• _SUPPLIED MATERIAL_
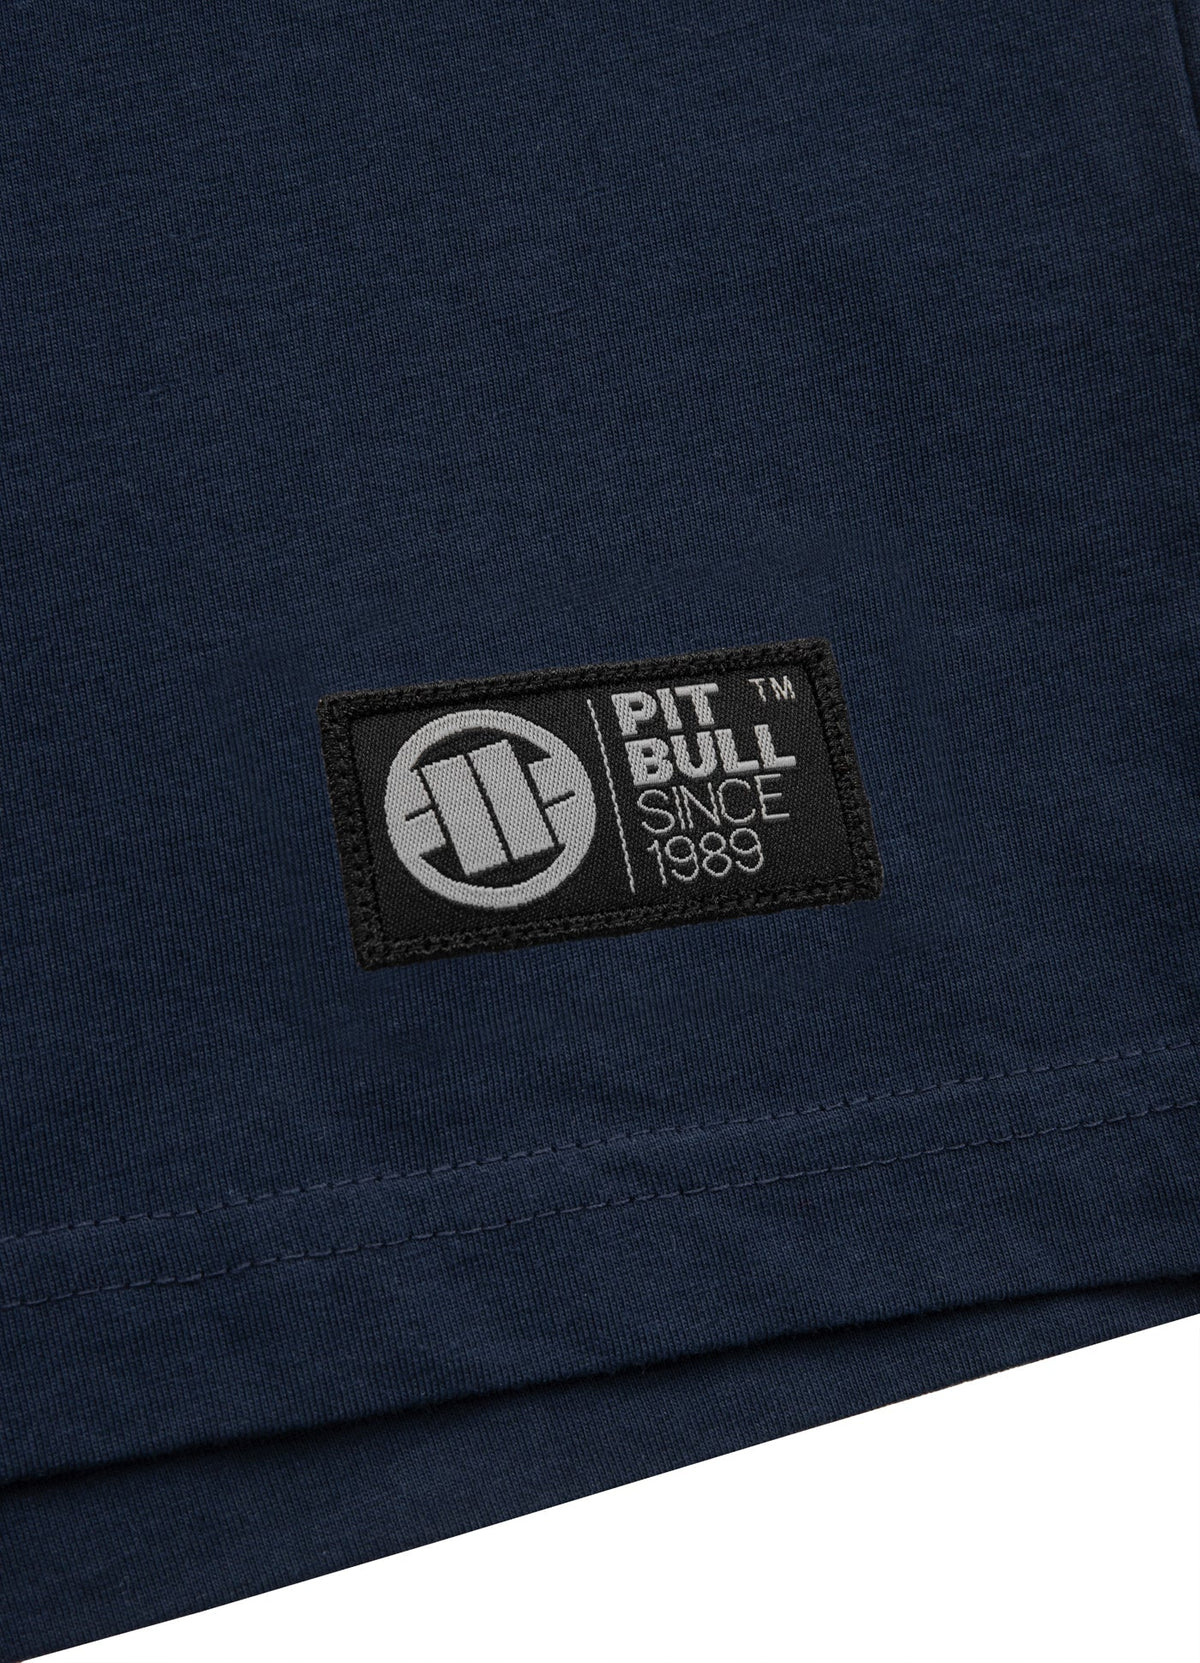 PITBULL USA Lightweight Dark Navy T-shirt
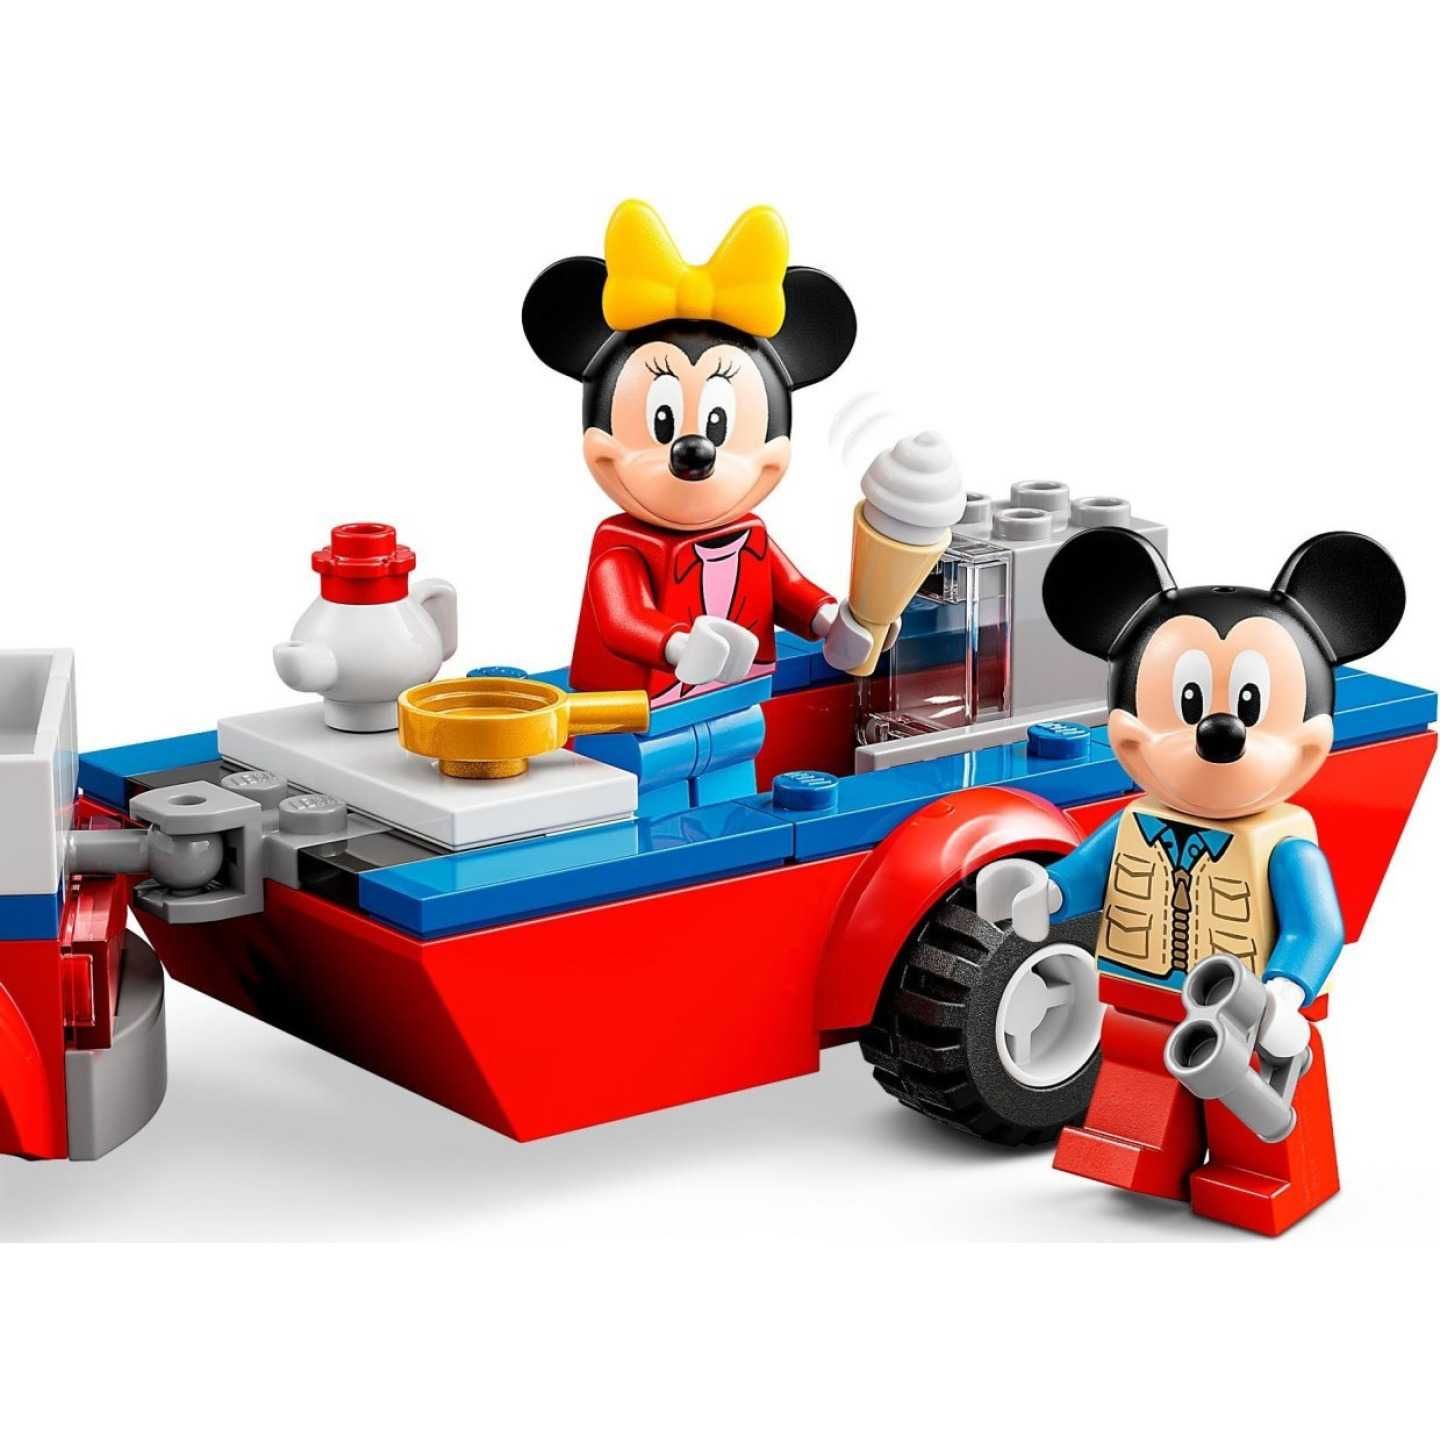 Lego Disney Mickey and Friends 10777 За городом. В наличии
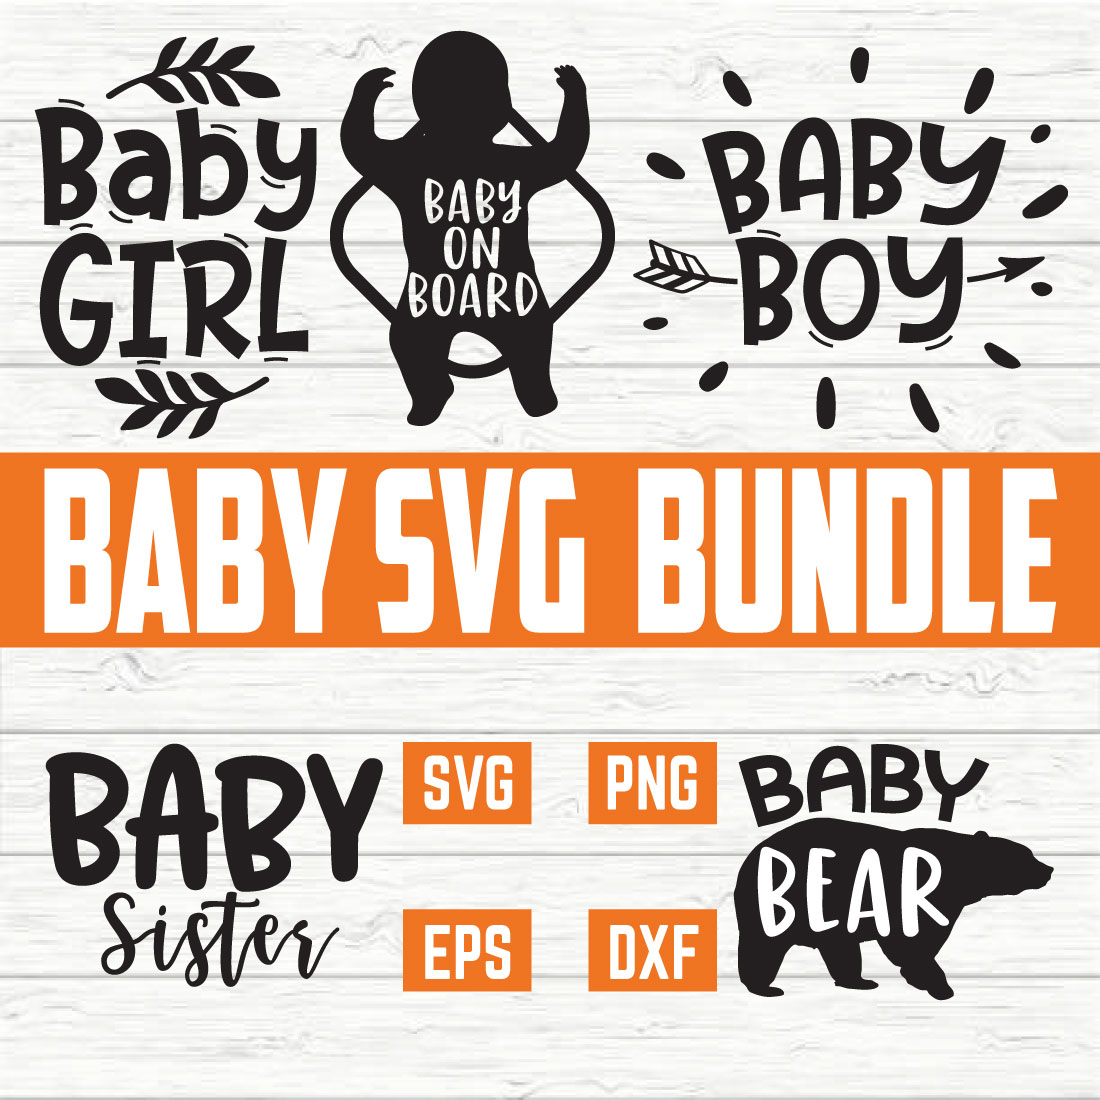 Baby Svg Bundle vol 18 preview image.
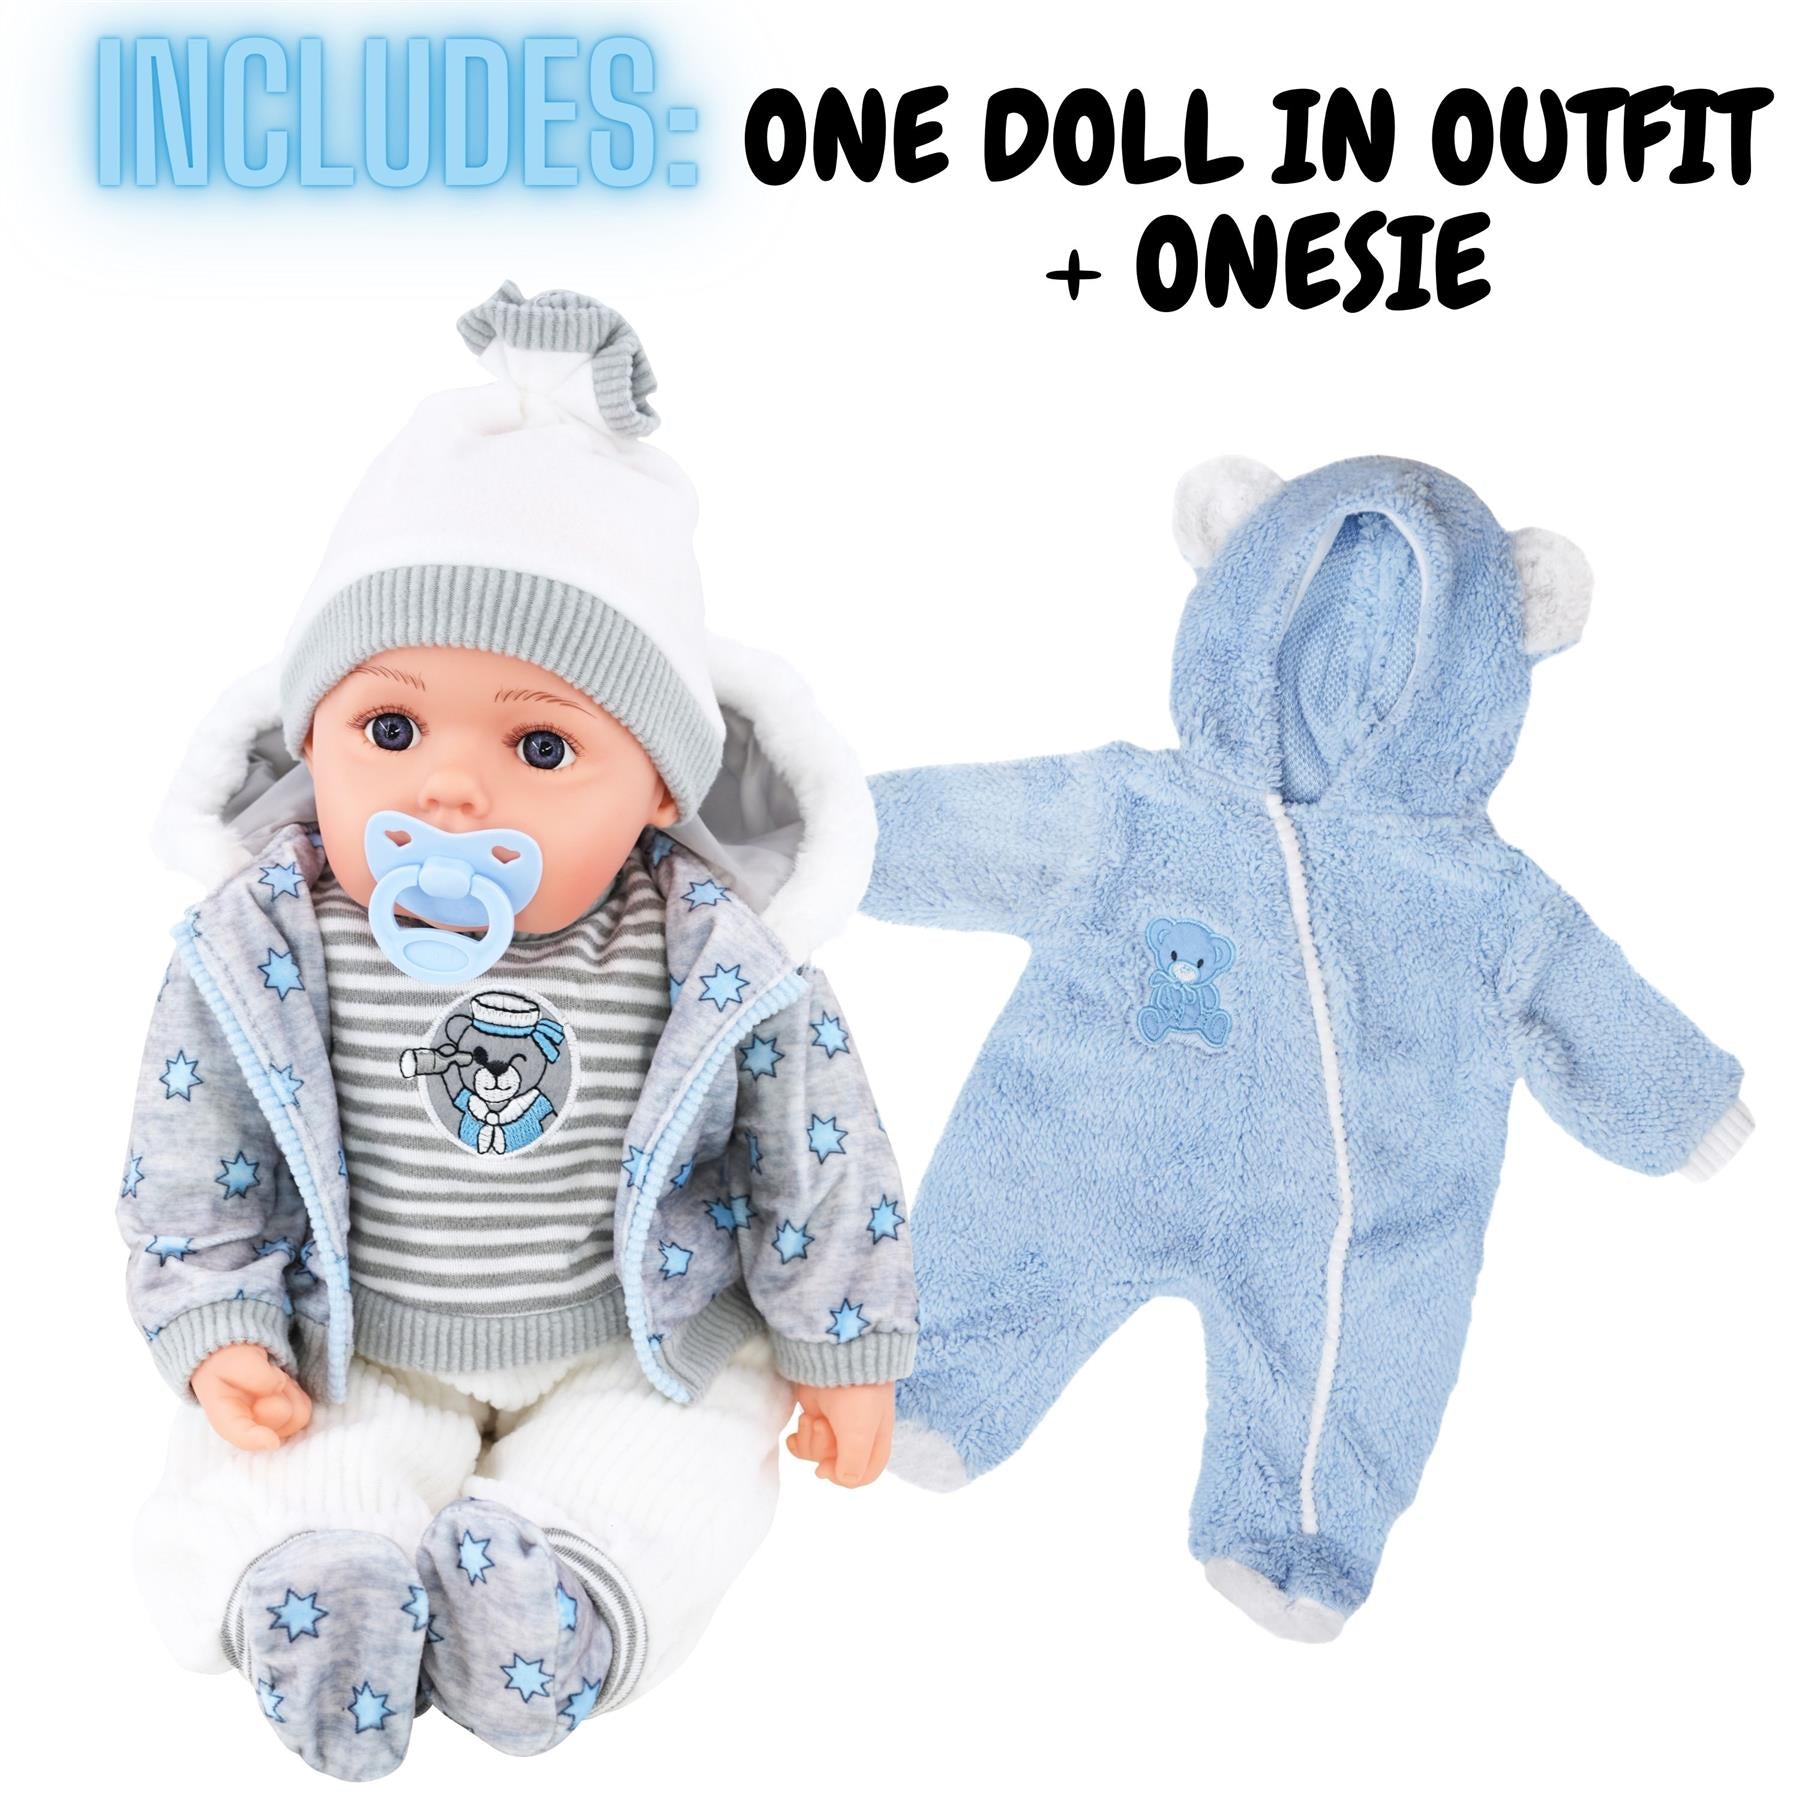 Grey Bibi Baby Doll + Extra Outfit by BiBi Doll - UKBuyZone

• _ACTIVITY_
All of the material shown above needs to be duplicated exactly. Omit every picture.

• _SOLVED EXERCISE_
 PITBULL USA Lightweight Dark Navy T-shirt
 Lego Disney Mickey and Friends 10777 За городом. В наличии
 Baby Svg Bundle vol 18 preview image.
 Grey Bibi Baby Doll + Extra Outfit by BiBi Doll - UKBuyZone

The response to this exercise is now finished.